You should compare AdaBoost to at least one of the following: a bagging model, a stacking model. Based on the visualizations seen at the links above you're probably also thinking that this classification task should not be that difficult. So, a secondary goal of this assignment is to test the effects of the AdaBoost function arguments on the algorithm's performance. You should explore at least 3 different sets of settings for the function inputs, and you should do your best to find values for these inputs that actually change the results of your modelling. That is, try not to run three different sets of inputs that result in the same performance. The goal here is for you to better understand how to set these input values yourself in the future. Comment on what you discover about these inputs and how the behave. Your submission should be built and written with non-experts as the target audience. All of your code should still be included, but do your best to narrate your work in accessible ways. Again, submit an HTML, ipynb, or Colab link. Be sure to rerun your entire notebook fresh before submitting!

In [None]:
import pandas as pd
from sklearn.ensemble import AdaBoostClassifier
from sklearn.preprocessing import LabelEncoder
from sklearn.tree import DecisionTreeClassifier
from sklearn.model_selection import train_test_split
from sklearn.metrics import accuracy_score
from sklearn.ensemble import BaggingClassifier
from sklearn.ensemble import StackingClassifier
from sklearn.linear_model import LogisticRegression
from sklearn.svm import SVC

In [5]:
penguins = pd.read_csv("penguins_size.csv")
penguins.dropna(inplace=True)

AttributeError: module 'pandas' has no attribute 'read_csv'

In [18]:

# Encode all categorical variables
for col in penguins.columns:
    penguins[col] = LabelEncoder().fit_transform(penguins[col])
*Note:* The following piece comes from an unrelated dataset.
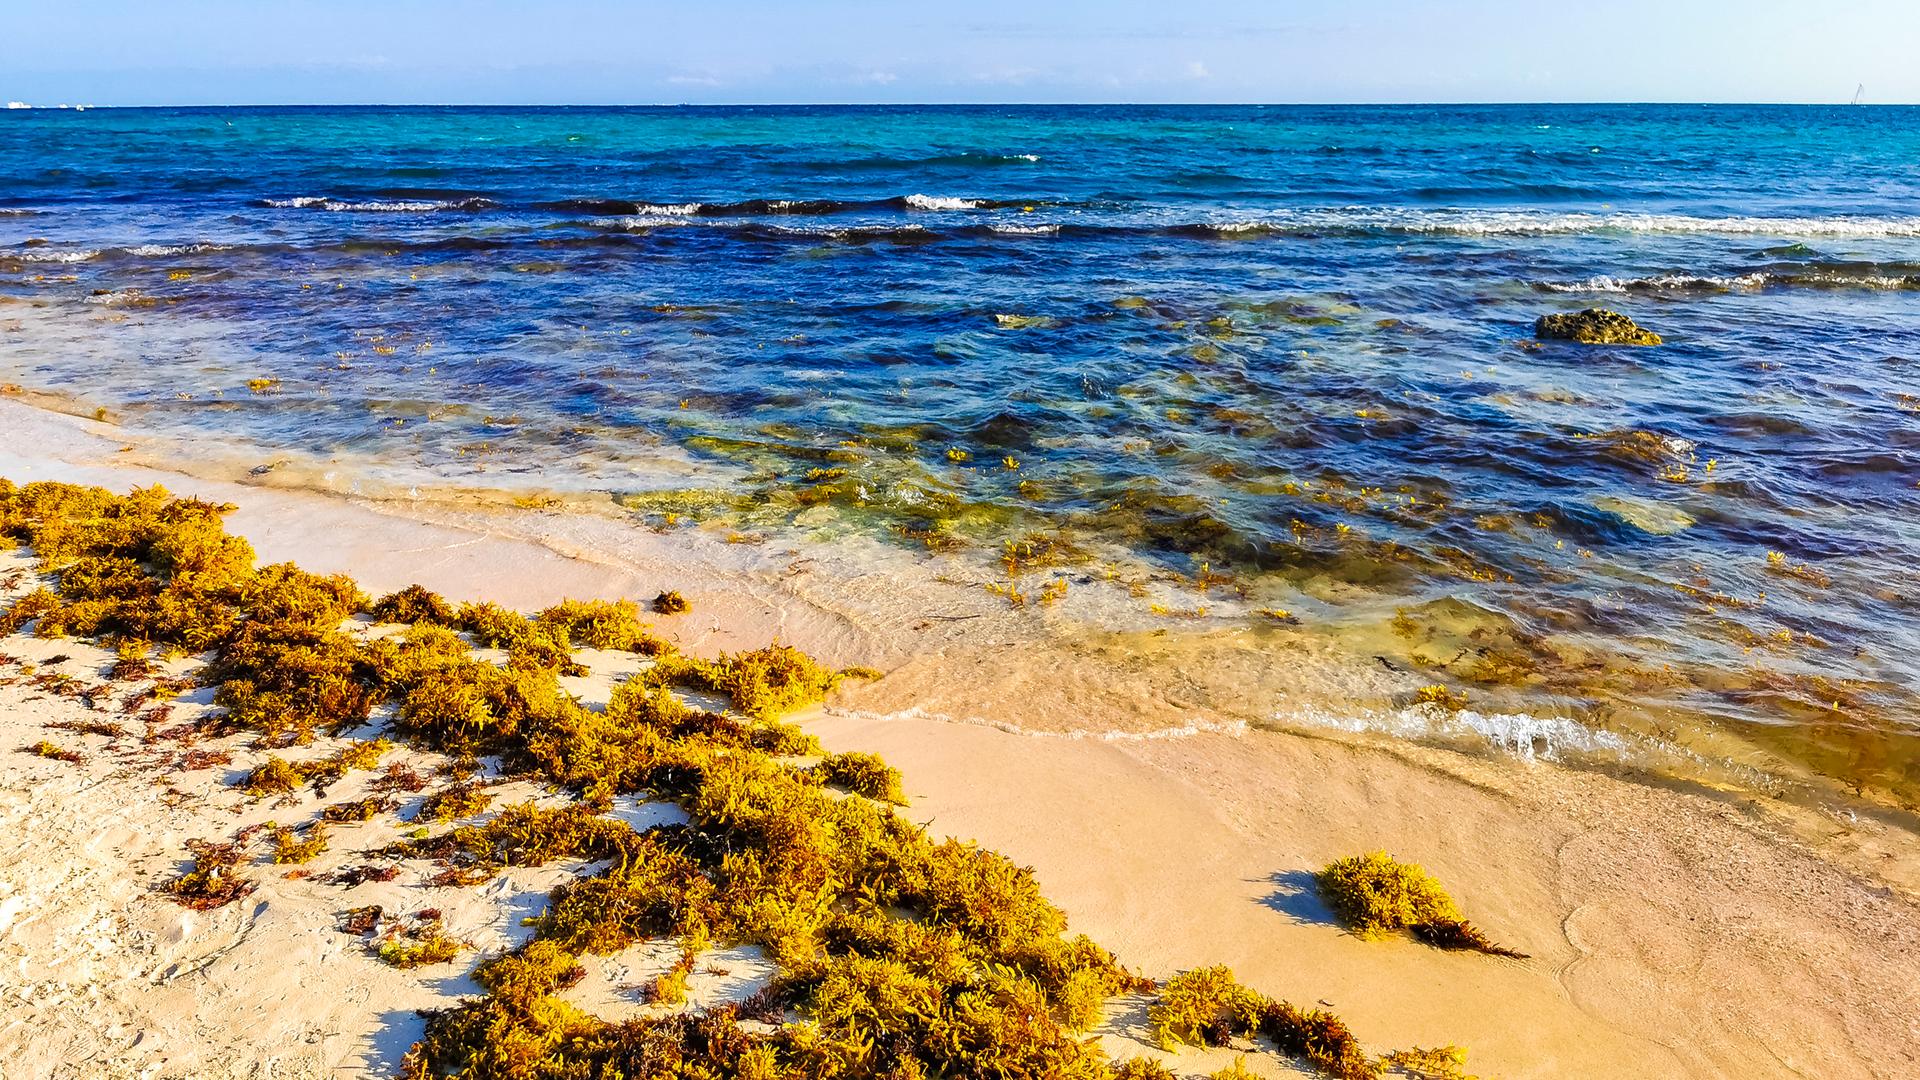 Am Playa del Carmen in Mexiko liegen angespülte Braunalgen der Gattung Sargassum.

# Separate features and target
X = penguins.drop('species', axis=1)
Y = penguins['species']

# Split into train/test sets
X_train, X_test, Y_train, Y_test = train_test_split(X, Y, test_size=0.2, random_state=42, stratify=Y)


# Bagging

In [19]:
bagging_model = BaggingClassifier(
    estimator=DecisionTreeClassifier(max_depth=5),  # Use a deeper tree than AdaBoost
    n_estimators=100,
    random_state=42
)

bagging_model.fit(X_train, Y_train)
bagging_pred = bagging_model.predict(X_test)
bagging_acc = accuracy_score(Y_test, bagging_pred)

print(f"Bagging Model Accuracy (100 estimators, DT max_depth=5): {bagging_acc * 100:.2f}%")


Bagging Model Accuracy (100 estimators, DT max_depth=5): 98.51%


# Adaboost

In [20]:
model1 = AdaBoostClassifier(
    estimator=DecisionTreeClassifier(max_depth=1),
    n_estimators=50,
    learning_rate=1.0,
    algorithm='SAMME'
)

model1.fit(X_train, Y_train)
pred1 = model1.predict(X_test)
acc1 = accuracy_score(Y_test, pred1)

print(f"Model 1 Accuracy (50 estimators, LR=1.0): {acc1 * 100:.2f}%")


Model 1 Accuracy (50 estimators, LR=1.0): 97.01%




In [21]:
model2 = AdaBoostClassifier(
    estimator=DecisionTreeClassifier(max_depth=1),
    n_estimators=200,
    learning_rate=0.5,
    algorithm='SAMME'
)

model2.fit(X_train, Y_train)
pred2 = model2.predict(X_test)
acc2 = accuracy_score(Y_test, pred2)

print(f"Model 2 Accuracy (200 estimators, LR=0.5): {acc2 * 100:.2f}%")


Model 2 Accuracy (200 estimators, LR=0.5): 98.51%




In [22]:
model3 = AdaBoostClassifier(
    estimator=DecisionTreeClassifier(max_depth=1),
    n_estimators=400,
    learning_rate=0.1,
    algorithm='SAMME'
)

model3.fit(X_train, Y_train)
pred3 = model3.predict(X_test)
acc3 = accuracy_score(Y_test, pred3)

print(f"Model 3 Accuracy (400 estimators, LR=0.1): {acc3 * 100:.2f}%")




Model 3 Accuracy (400 estimators, LR=0.1): 97.01%


The three AdaBoost models produced varying levels of accuracy on the test set, highlighting how different parameter choices can impact performance. Model 1, with 50 estimators and a learning rate of 1.0, achieved an accuracy of 97.01%. Model 2, which increased the number of estimators to 200 and lowered the learning rate to 0.5, performed best with an accuracy of 98.51%. Model 3 used even more estimators (400) but a much smaller learning rate of 0.1, resulting in the same accuracy as Model 1 (97.01%). These results suggest that simply increasing the number of estimators does not guarantee better performance.

The Bagging model achieved 98.51% accuracy, matching AdaBoost's best result. While AdaBoost was sensitive to parameter changes, Bagging maintained strong performance with simpler tuning, demonstrating its effectiveness and stability across different settings.